### [Required work]
Repeat, exactly as written, the lines from the one with "Energieetiketten für Häuser" to the final line of the listing, and keep every picture out.

### [Data extract]
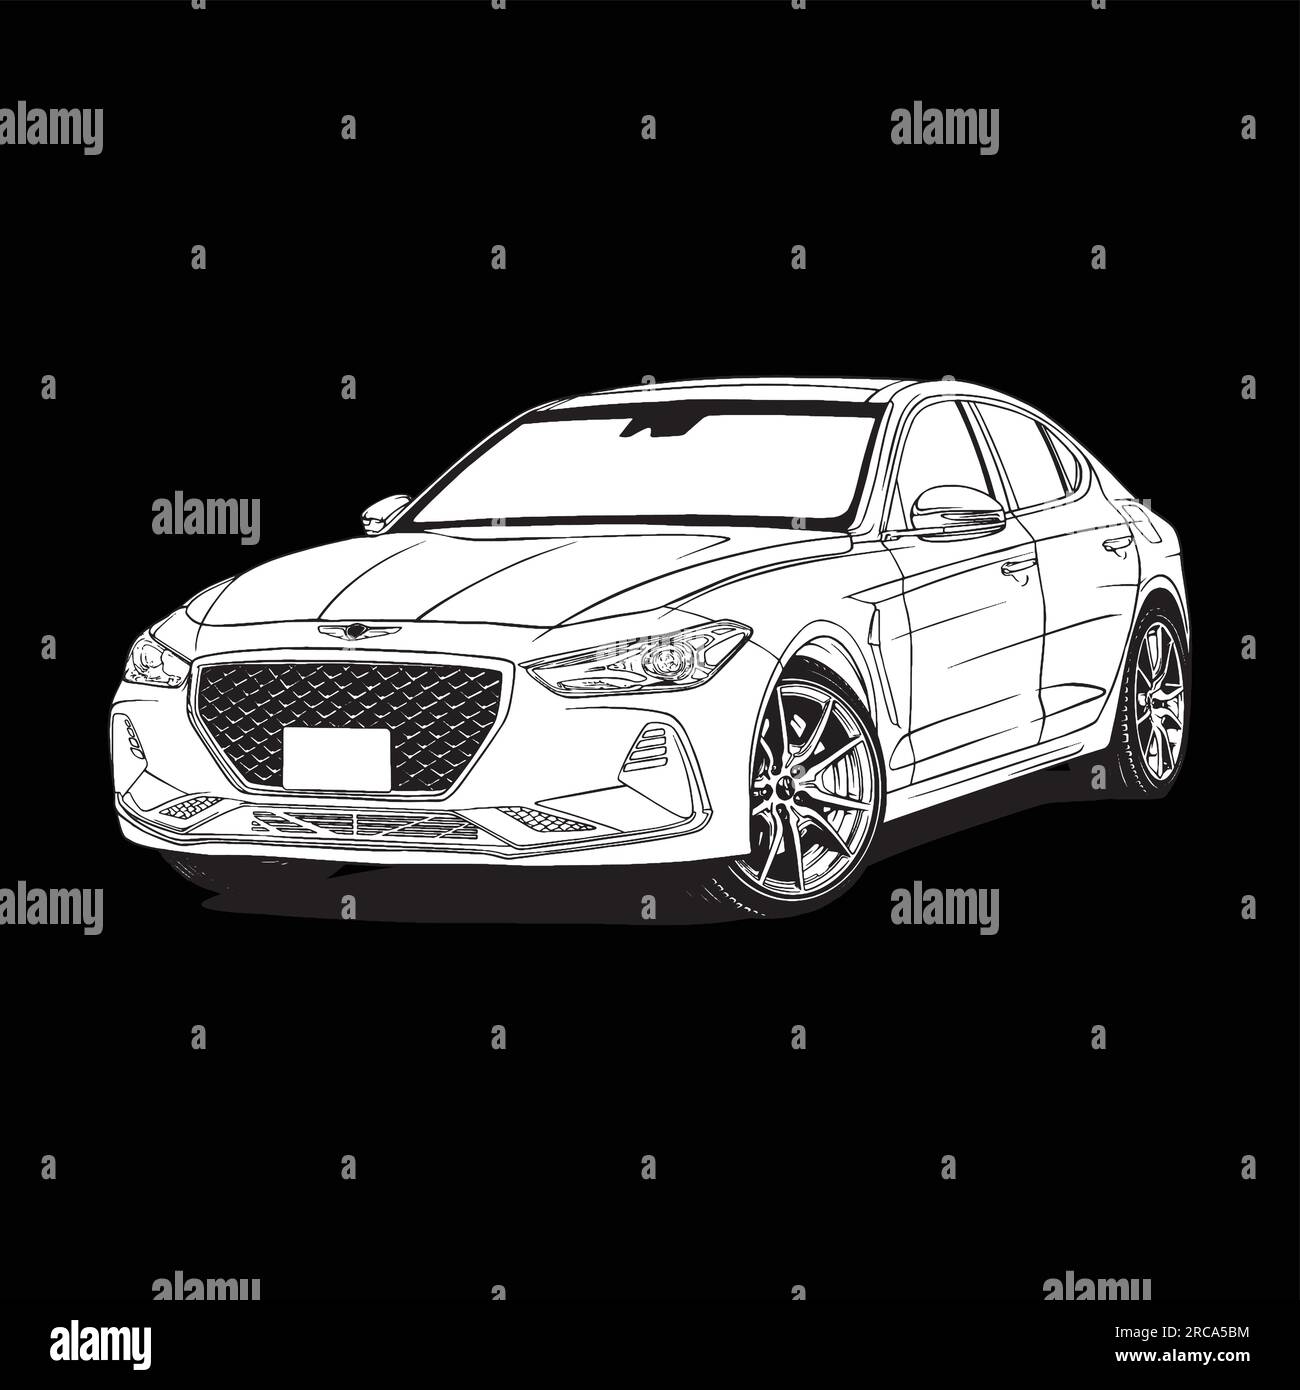 Dessin vectoriel d'illustration de voiture de berline de sport coréenne Illustration de Vecteur
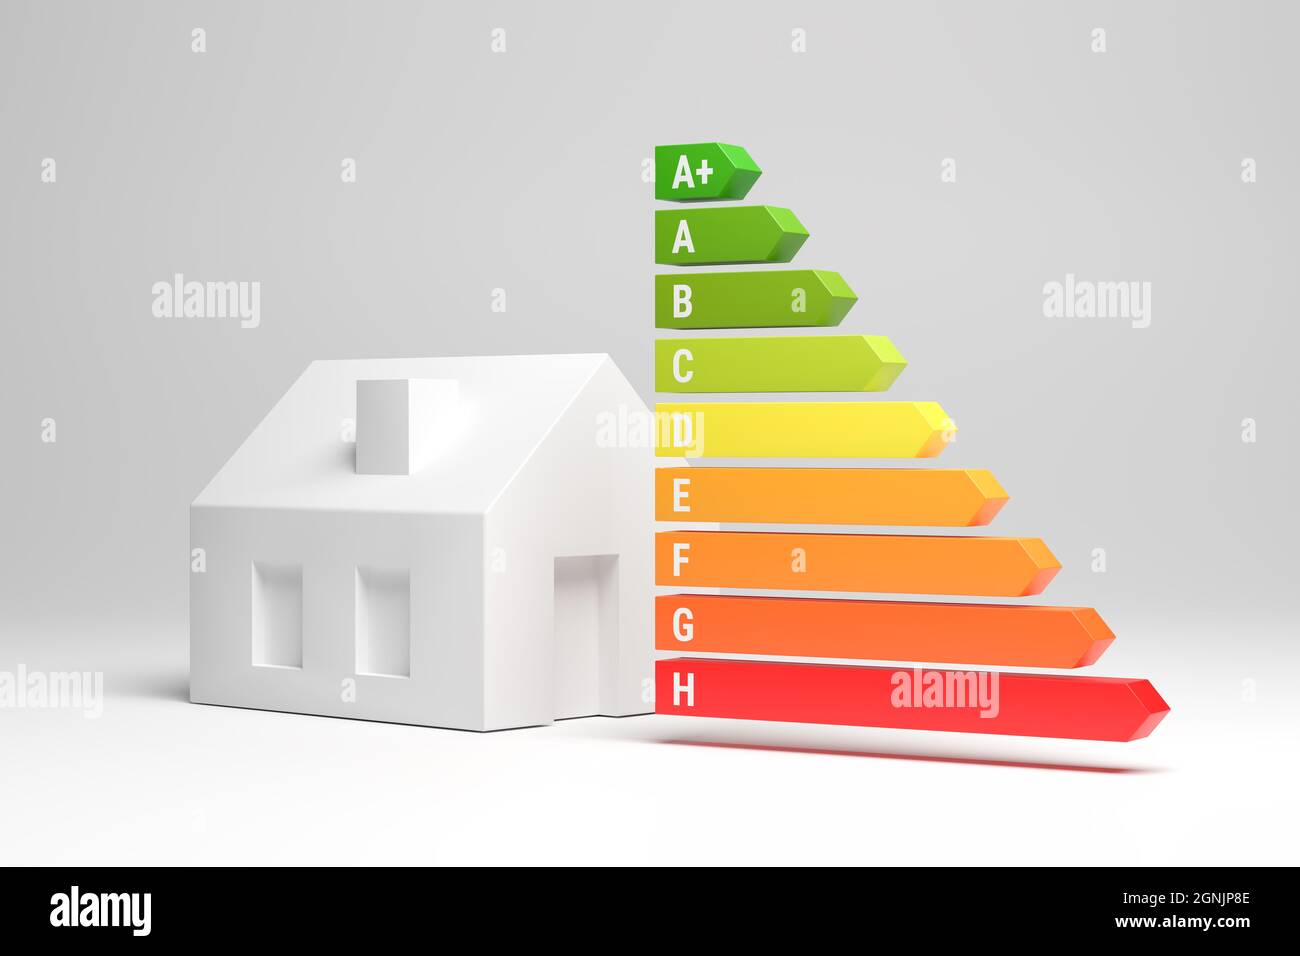 Energieetiketten für Häuser in Deutschland (Energieeffizienzklassen A+ bis H) Konzept. Ein Modellhaus neben den Energielabel-Pfeilen. Stockfoto
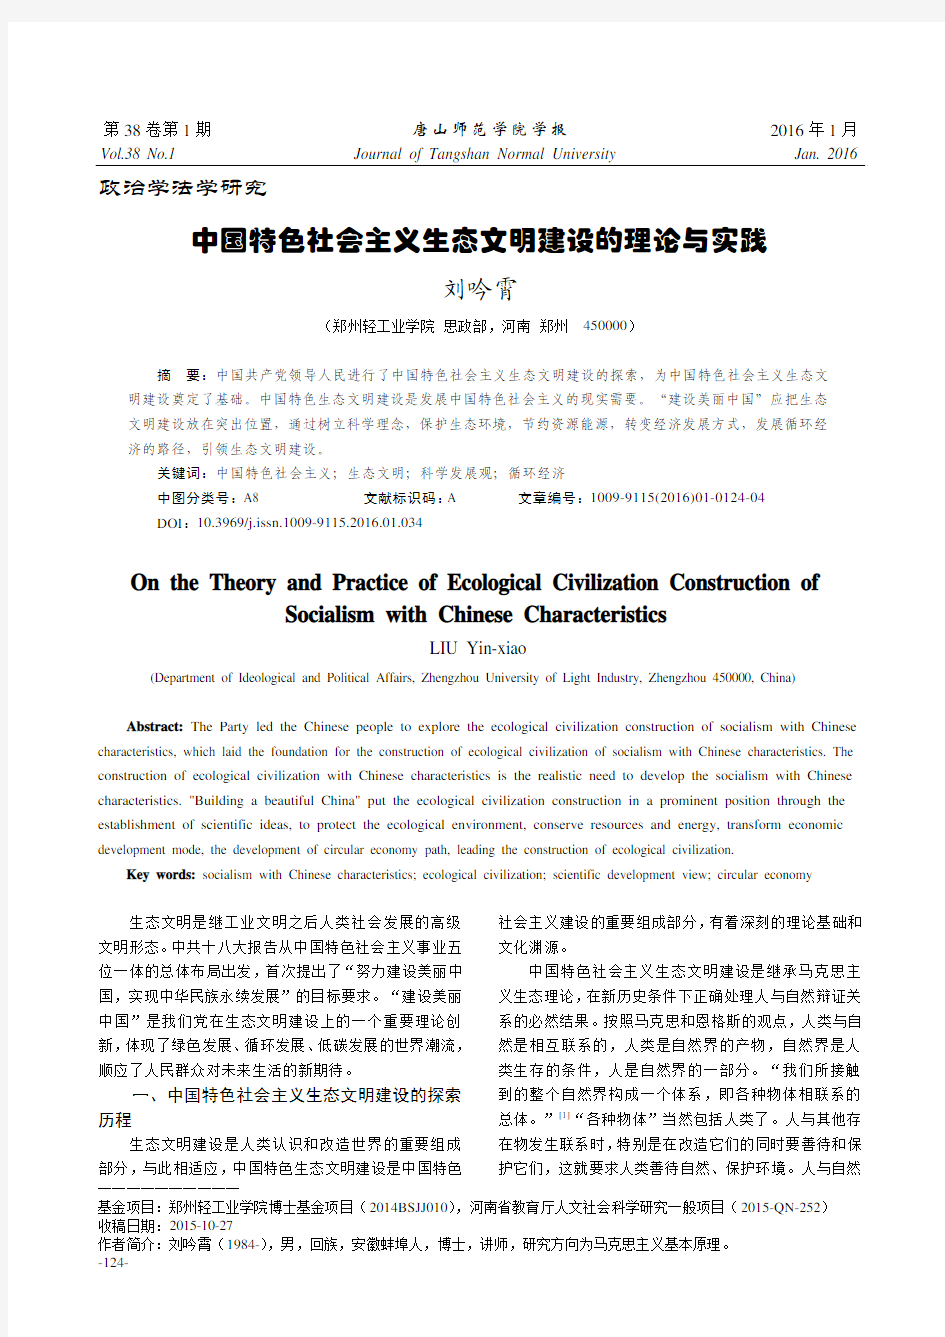 中国特色社会主义生态文明建设的理论与实践

### [Your response]
 Energieetiketten für Häuser in Deutschland (Energieeffizienzklassen A+ bis H) Konzept. Ein Modellhaus neben den Energielabel-Pfeilen. Stockfoto
 中国特色社会主义生态文明建设的理论与实践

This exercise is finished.